Further, in the circuit shown in FIG. 2, it is more preferable to use an SCR or a triac in place of the Darlington connection transistor 14. In addition, in order to prevent noise generation due to the chopper, the switching circuit 9.9a
It is more preferable to adopt a configuration in which a zero cross circuit or a snubber circuit is added to the circuit.

In addition, when using a single-phase AC motor as an AC motor, it is sufficient to insert this torque limiter in series into one of the two AC lines connecting the motor and AC power supply, and when using a three-phase AC motor as an AC motor. When using an AC motor, the present torque limiter may be inserted in series into the AC lines of any two of the three phases.

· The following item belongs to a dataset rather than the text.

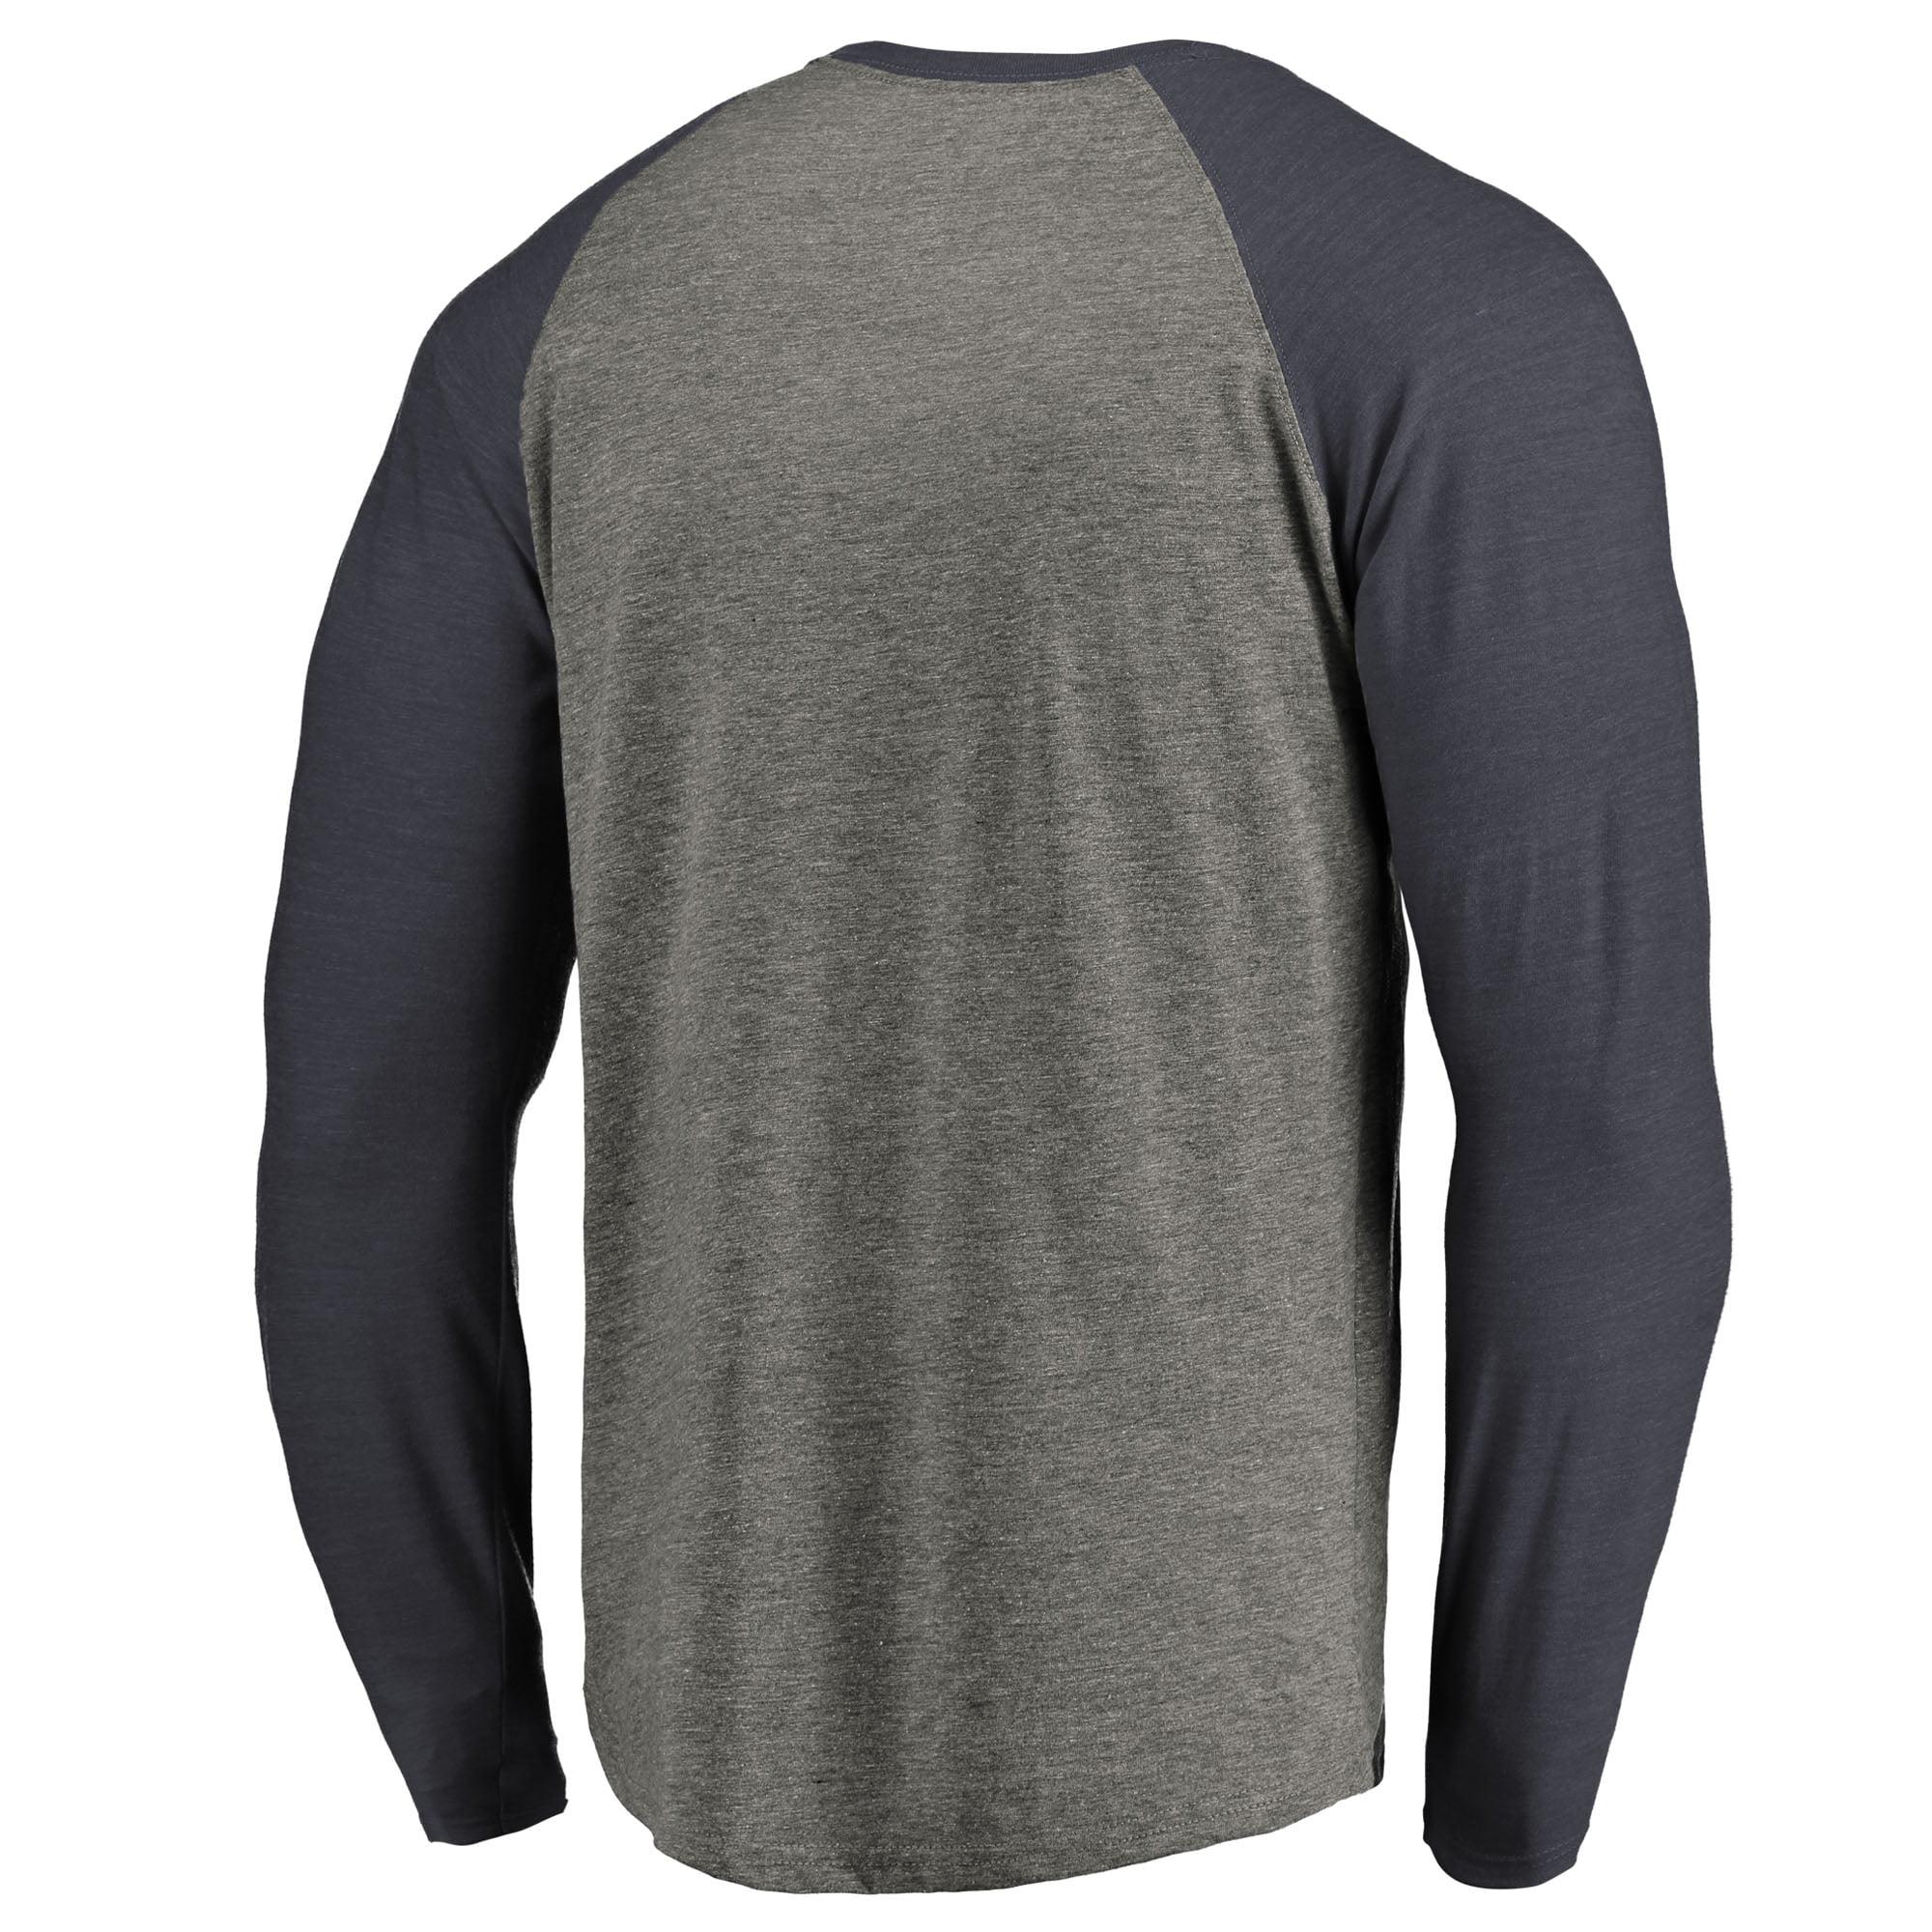 fdcf14a68 Cleveland Cavaliers Fanatics Branded Team Wordmark Long Sleeve Raglan  Tri-Blend T-Shirt - Heathered Gray - Walmart.com

In this manner, the motor torque limiter of the present invention is convenient in that it has the same circuit configuration regardless of whether it is used for a DC motor or an AC motor, and has versatility.

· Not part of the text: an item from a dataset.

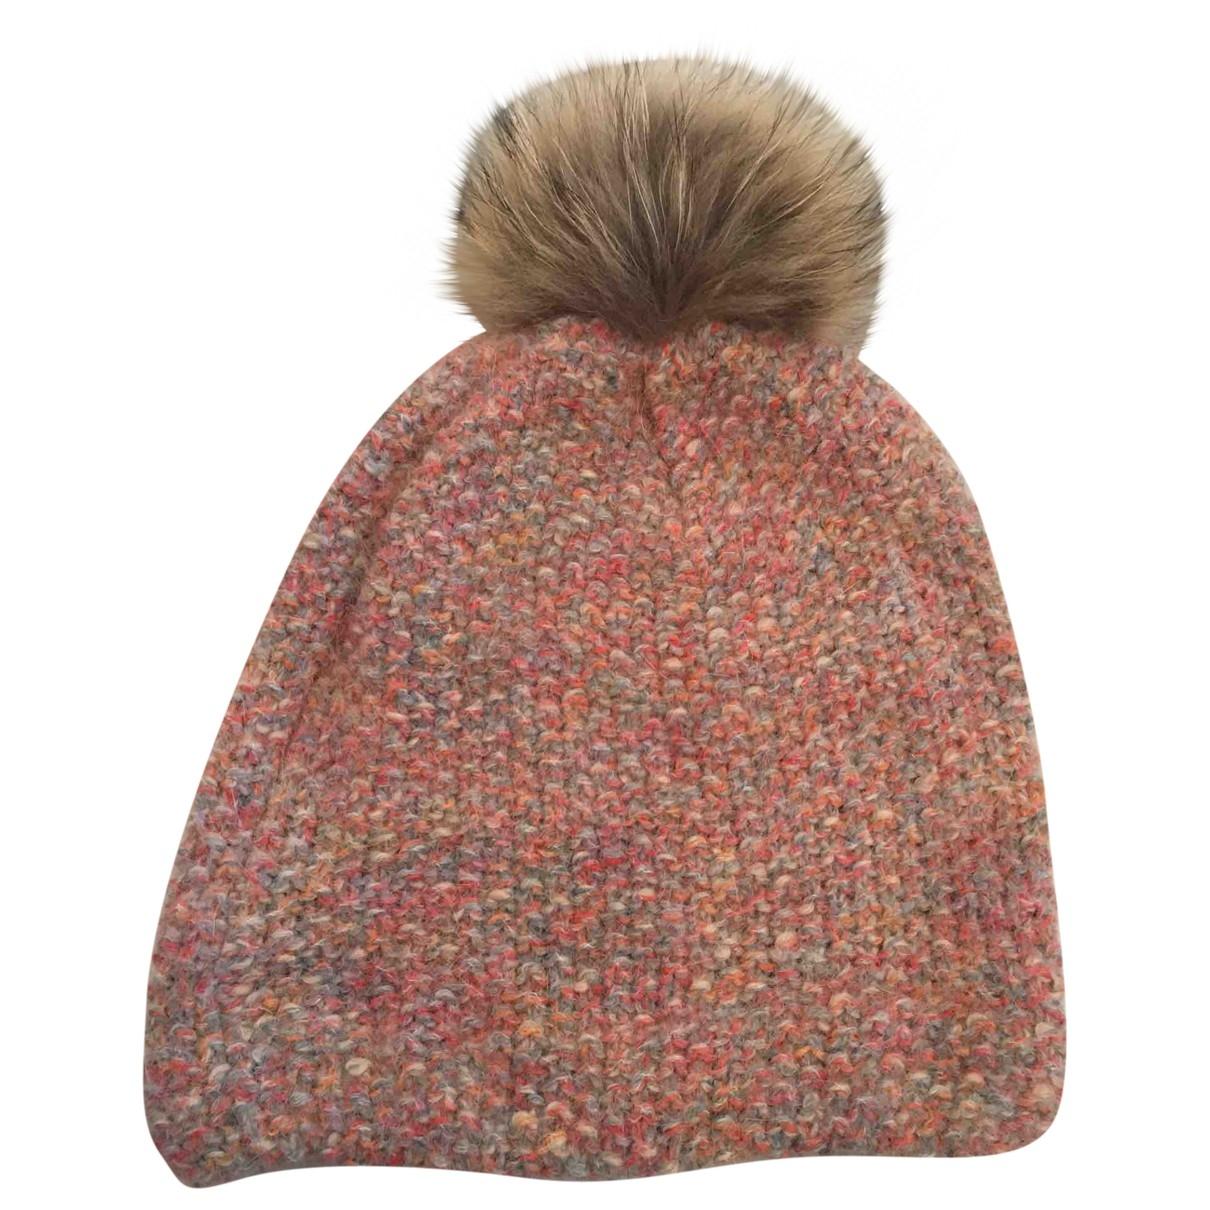 Inverni \N Pink Wool hat for Women M International

It should be noted that the motor torque limiter of the present invention is not necessarily limited to the circuit shown in the above embodiment, and may be formed using various other circuit configurations. For example, instead of the starting current trap cycle shown in FIG. 2, starting 1i! is comprised of a timer circuit that enables the comparator to operate only after a certain period of time r1 has elapsed since motor starting! A trap circuit may also be provided.

The motor torque limiter of the present invention can be used for all DC motors and AC motors, and can also be used for AC and DC motors such as universal motors.

[Brief explanation of drawings]

FIG. 1 is a block diagram showing a first embodiment of a motor torque limiter according to the present invention, FIG. 2 is a circuit diagram showing a specific circuit configuration of the torque limiter shown in FIG. 1, and FIG. FIG. 2 is a block diagram showing a second embodiment of the motor torque limiter according to the invention. i, Ia, 1b-...DC power supply 2.2a...DC motor 3.3a...NFE detection circuit 5...Charging II circuit section 6...Discharge integration circuit section 7.7a... Comparators 8, 8a...First setting section 9.9a...Switching circuits 10a, 10b, 19a -...Second i! Q constant section 11, 118...starting current trap circuit 12a,
12b...Terminal 19...Timer circuit 13...
・Diode bridge, Figure 3

Claims (1)

[Scope of Claims] 1) A torque limiter that is connected in series between a power source and a motor and limits the torque of the motor to a predetermined range by limiting the range of armature current flowing through the motor. The current supplied from the power source to the motor includes two terminals for connection to the motor, a first setting section for setting the upper limit of the current range, and a second setting section for setting the lower limit of the torque range. a current detection circuit that detects the current, a comparator that compares the output of this current detection circuit with the upper limit value set by the first setting section, and when the output of this comparator causes the current to exceed the upper limit value, the motor is controlled by pulse width modulation. a switching circuit that maintains the effective torque of the motor at a lower limit value set by the second setting section, and a starting current trap circuit that prevents the comparator or the switching circuit from operating depending on the starting current of the motor. Features: Torque limiter for motors. 2) A rectifier unit is connected to the two terminals to supply a current in a constant direction to the current detection circuit regardless of the direction of the armature current supplied to the motor. Torque limiter for the motor described in item 1. 3) The torque limiter for a motor according to claim 1 or 2, wherein the motor is a DC motor. 4) The torque limiter for a motor according to claim 1 or 2, wherein the motor is an AC motor.